Enterprises

Satellite life support systems require highly reliable gas supply devices. This project focuses on the development of satellite life support systems and the design of pressure relief and pressure regulation mechanisms, addressing how high-pressure energy storage technologies can be adapted for aerospace applications. It also includes analysis of material aging and sealing performance under the extreme temperature variations of the space environment.

1.Sotrage System Design: Participate in developing high-pressure cylinders for satellite life support systems, participating in the mechanical design of lightweight shells and precision valves.
2.Precision Leak Testing and Vacuum Validation: Execute micro-leakage rate testing for high-pressure gases and simulate space vacuum environments to validate the sealing performance and reliability of life support components under extreme pressure differentials.
3.System Integration: Integrate data from pressure and flow sensors to assist in optimizing the gas supply control logic for the life support system.

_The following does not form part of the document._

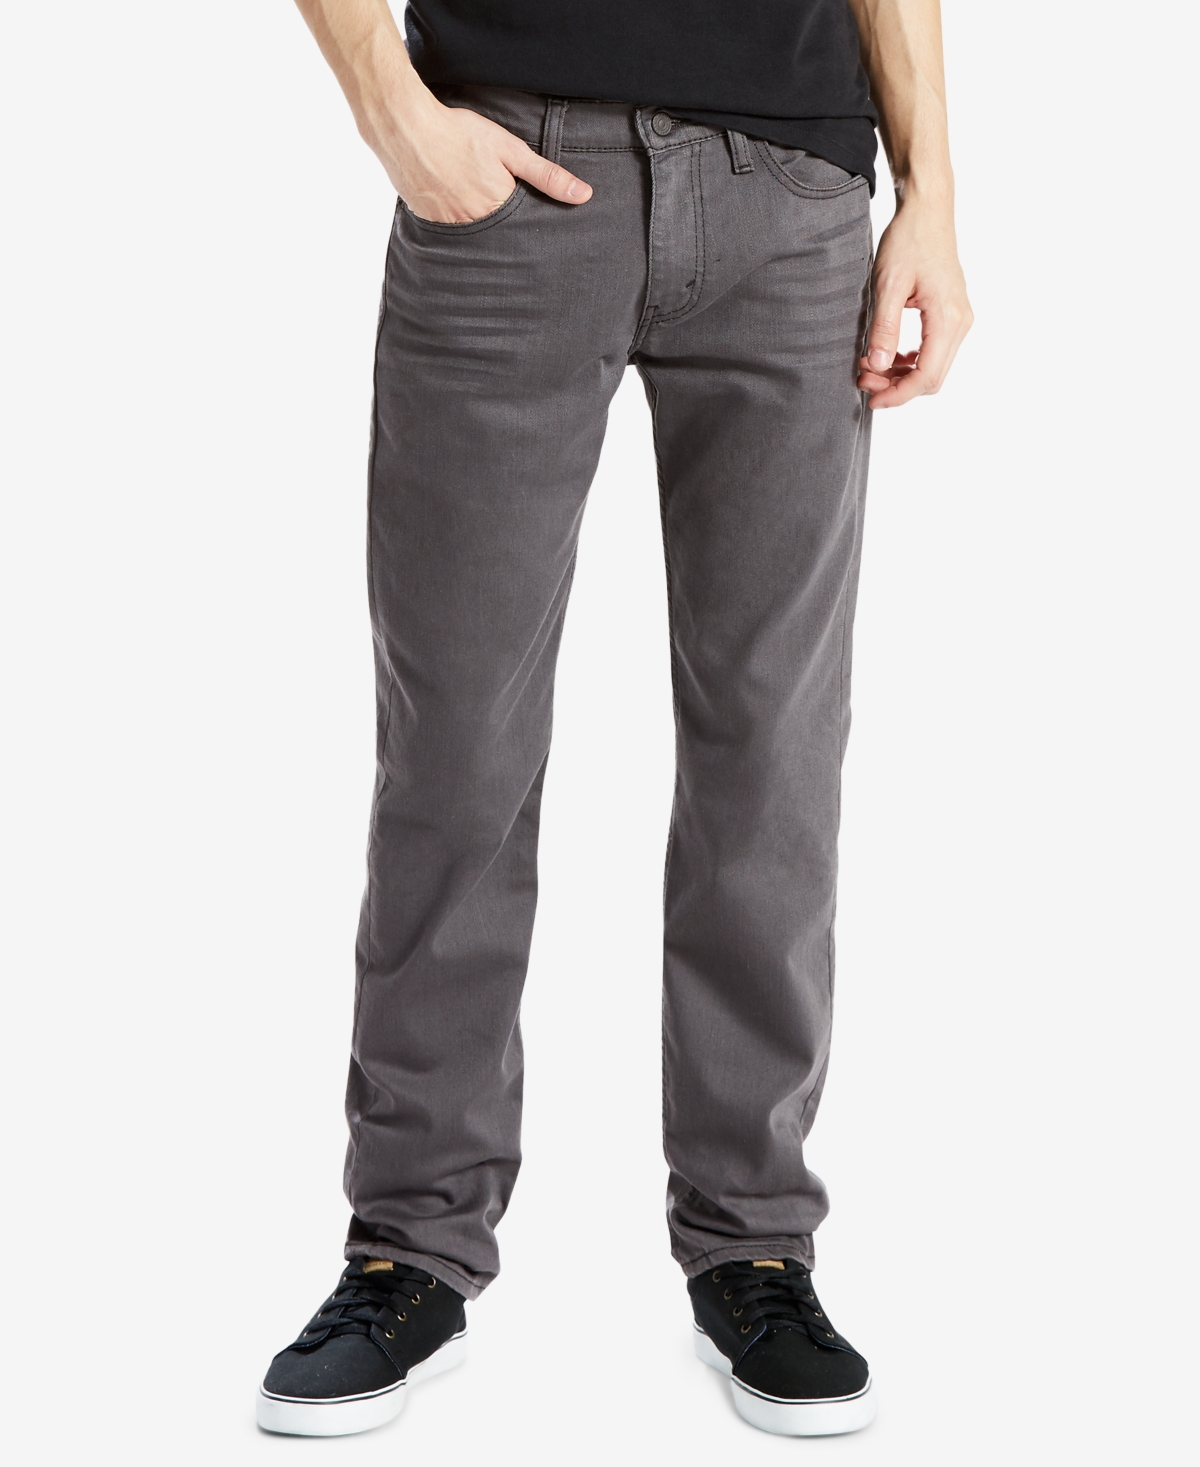 UPC 190416414307 product image for Levi's Men's 511 Slim Fit Jeans | upcitemdb.com

Develop high-strength, low-permeability propellant storage tanks for liquid rocket launch systems. The focus is on liner material selection and filament-wound architecture of composite pressure vessels, ensuring structural integrity, leak-tightness, and safety under cryogenic conditions (e.g., liquid oxygen) and high-pressure environments.

1.High-Pressure Storage System Design and Analysis: Participate in the design of liners and fiber laminates for composite cylinder, and utilize Finite Element Analysis (FEA) to simulate structural stress distribution in high-pressure and cryogenic environments.
2.Automated Filament Winding Process Optimization: Participate in automated winding path planning and tension control optimization for high-pressure cylinders; assist in developing low-permeability composite process parameters specifically for liquid fuel storage requirements.
3.Cylinder Testing and Safety Validation: Execute and document hydrostatic tests, burst tests, and fatigue life tests for high-pressure cylinders to ensure structural integrity and safety.
4.Cryogenic Material Properties and Compatibility Analysis: Assist in compatibility experiments between composite materials and cryogenic propellants (LOX), collecting data on physical property changes of materials under high-pressure and cryogenic conditions.

This project focuses on the structural optimization of launch vehicles. Participating students will join the team of how to utilize carbon fiber reinforced polymer (CFRP) structures and process design to achieve rocket structure optimization goals. The development process covers 3D structural design, automated filament winding process simulation, and structural stress and vibration analysis under dynamic launch conditions. Through hands-on experience with advanced composite manufacturing equipment, students will acquire the key skills needed to transform laboratory prototypes into industrial-grade aerospace components.

1.Structural Design and Analysis: Participate in performing structural modeling of the rocket airframe using analysis software, and conduct Finite Element Analysis (FEA) to evaluate structural behavior under various load cases.
2.Composite Process Optimization: Participate in composite laminate design and curing monitoring, assisting in the optimization of automation parameters to minimize structural defects such as porosity and delamination.
3.Material Testing and Validation: Execute tensile, compression, and shear testing of composite specimens to establish a material database, and assist in conducting Non-Destructive Testing (NDT) and various metrology measurements.